AeP: Essa mudança pode impactar na proteção oferecida pelas vacinas que já temos e que estão nas últimas fases de testes?
Ana Tereza: Não há evidências de que afete as vacinas que estão sendo desenvolvidas para esta nova cepa. Note que é comum que alguns vírus sofram mutações ao longo do tempo. Basta lembrar do caso do vírus da gripe. No entanto, quando comparamos ao novo coronavírus vemos que este último sofre bem menos mutações do que o vírus da gripe.
AeP: Caso seja constatado que essa mudança não é contemplada pelas atuais vacinas, o desenvolvimento de um imunizante teria que começar do zero?
Ana Tereza: Não. As diferentes vacinas existentes possuem muitas tecnologias que permitem sua constante atualização. Alguns vírus que tem taxa de mutação muito alta exigem desenvolvimentos anuais de vacinas, porém pelo que tudo indica não deve ser o caso do SARS-CoV-2.
AeP: Essa cepa descoberta em municípios do Rio é diferente da que foi recentemente descoberta no Reino Unido?
Ana Tereza: Sim, não se trata da mesma linhagem e sim de uma linhagem diferente da que está circulando lá. Ainda não temos relatos no Brasil de que esta linhagem esteja presente aqui.
AeP: O que significa, para leigos o trecho: “A E484K foi anteriormente associada ao escape de anticorpos neutralizantes contra SARS-CoV-2”?

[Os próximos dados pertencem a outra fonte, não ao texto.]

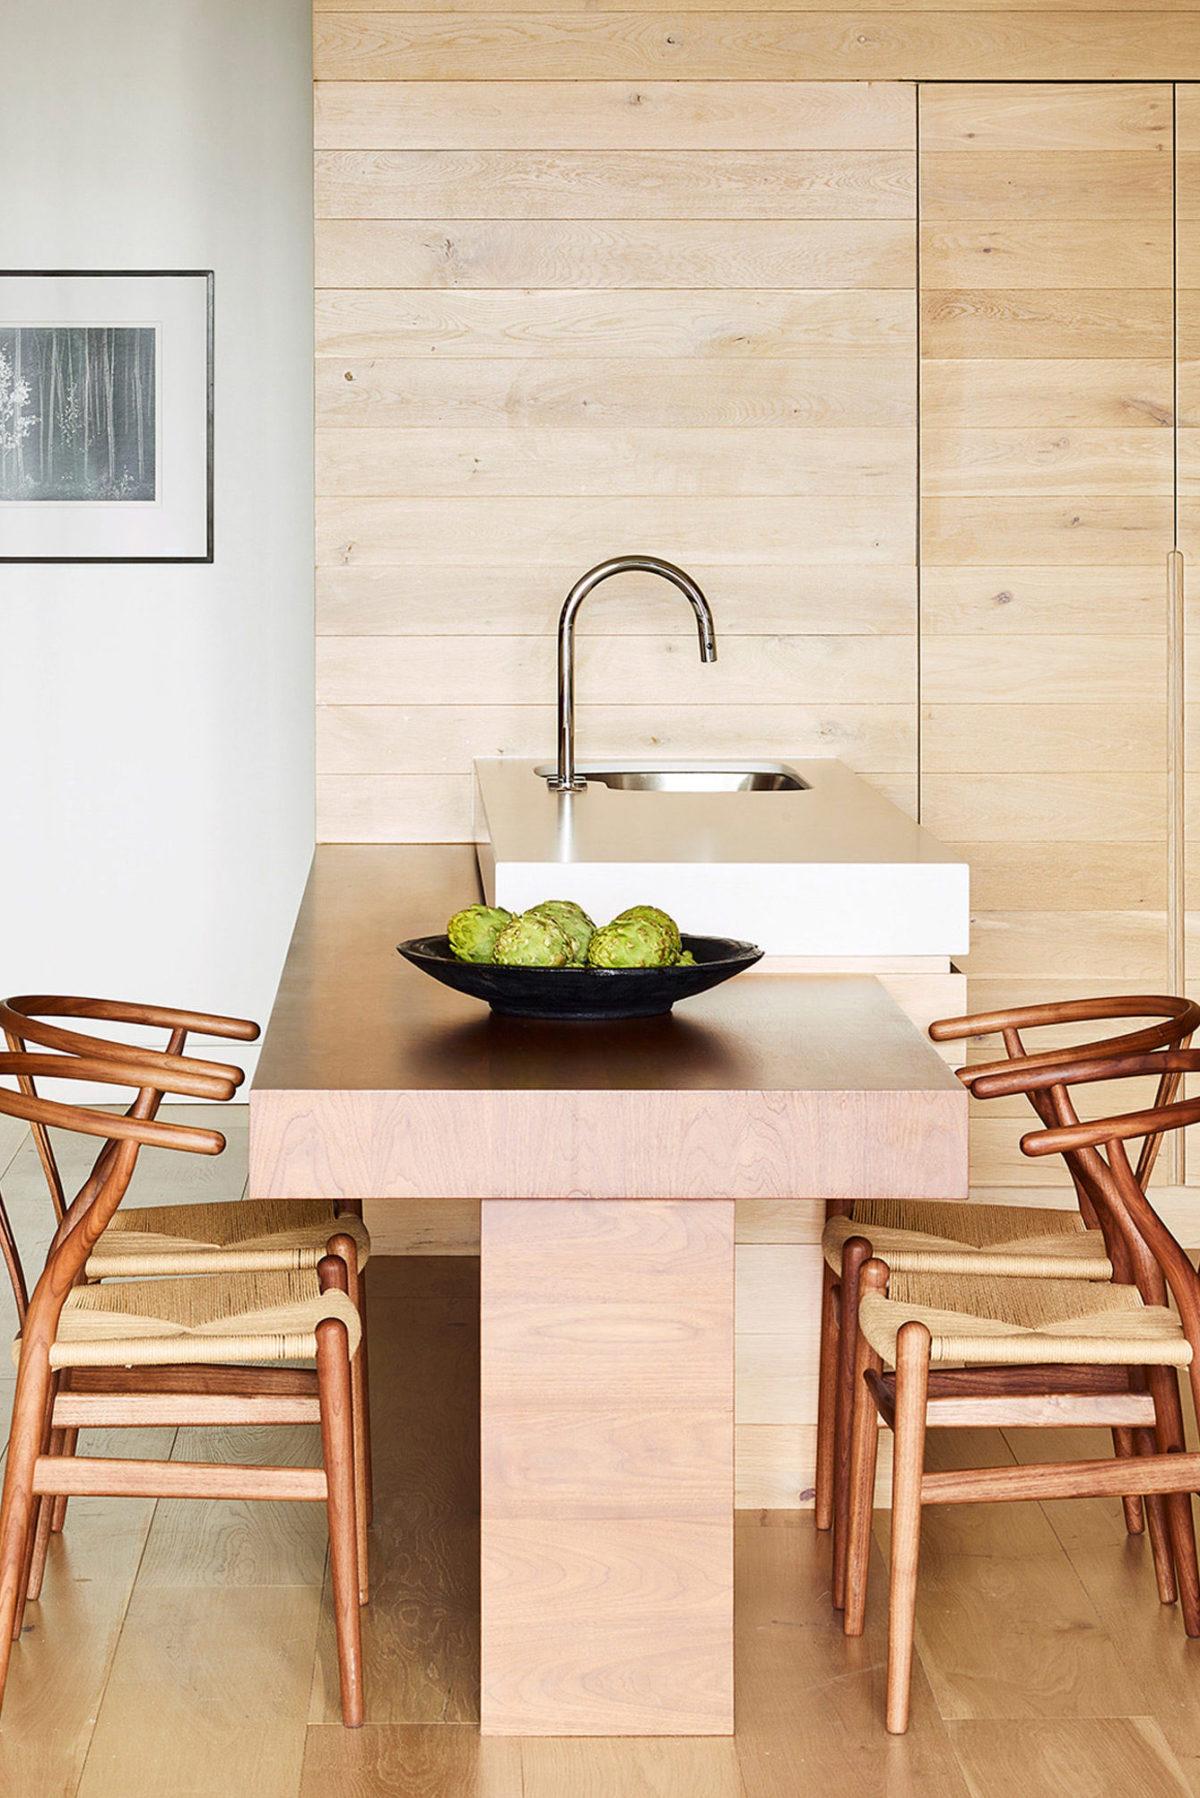 Kari Kari suite - kitchen island
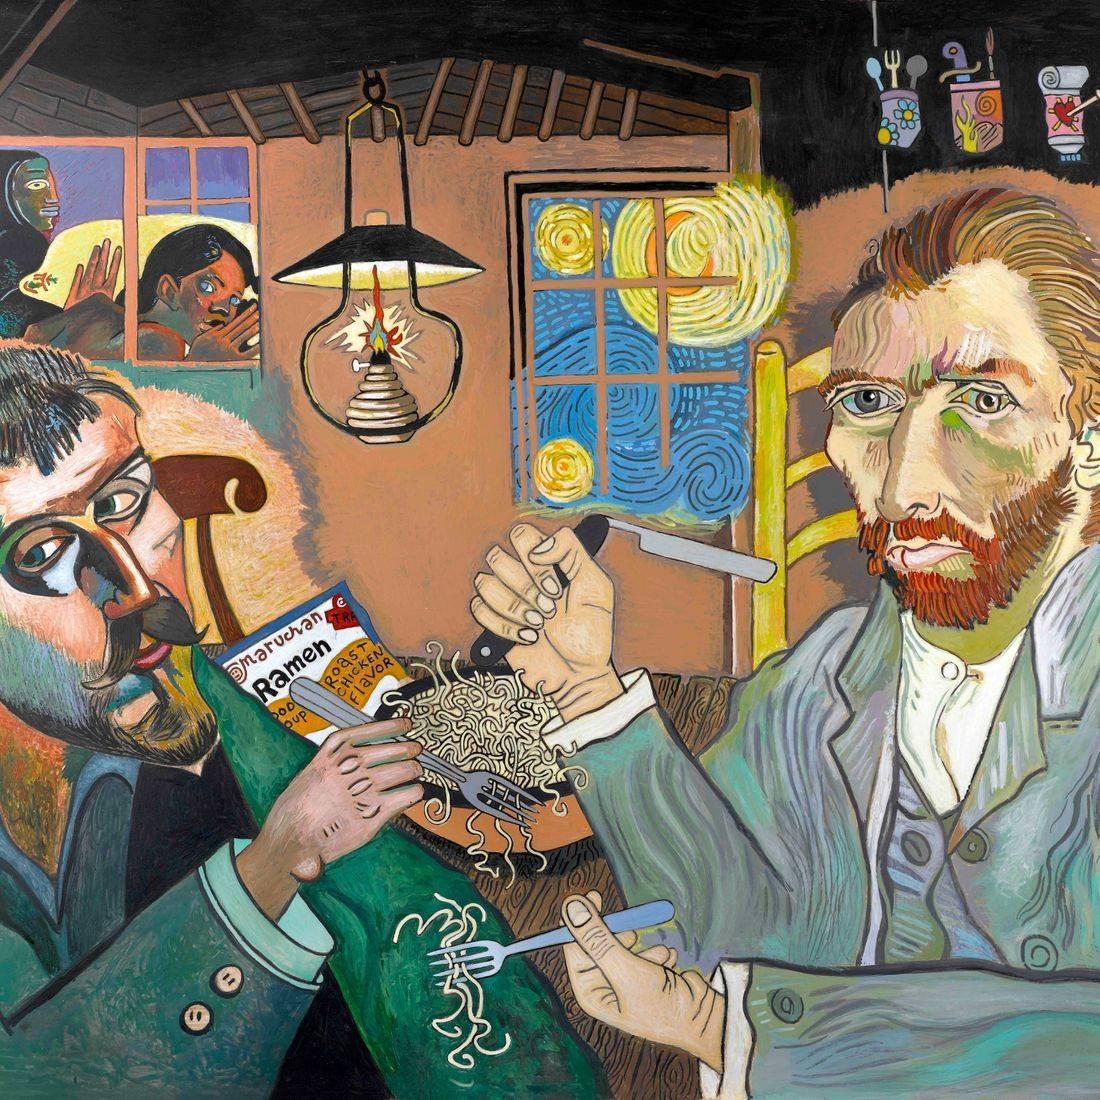 Vincent Van Gogh, Paul Gauguin, Potato Eaters, Ramen Soup, Starry Night, Death Watches Over, Starving Artists

Ana Tereza: Alguns estudos publicados por cientistas internacionais relataram, em experimentos laboratoriais, que os vírus que possuem a mutação E484K podem escapar dos anticorpos produzidos pelo sistema imune em alguns pacientes. Há indícios que os anticorpos que são produzidos por algumas pessoas infectadas têm dificuldade de agir sobre vírus com essa mutação. Esta mutação se encontra justamente na proteína da espícula (spike) responsável por se ligar as células humanas e introduzir o material genético do vírus no hospedeiro. Apesar dos estudos laboratoriais, não temos evidências do comportamento dos vírus com esta mutação do ponto de vista populacional. Muitos testes ainda tem que ser realizados para validar esse experimento.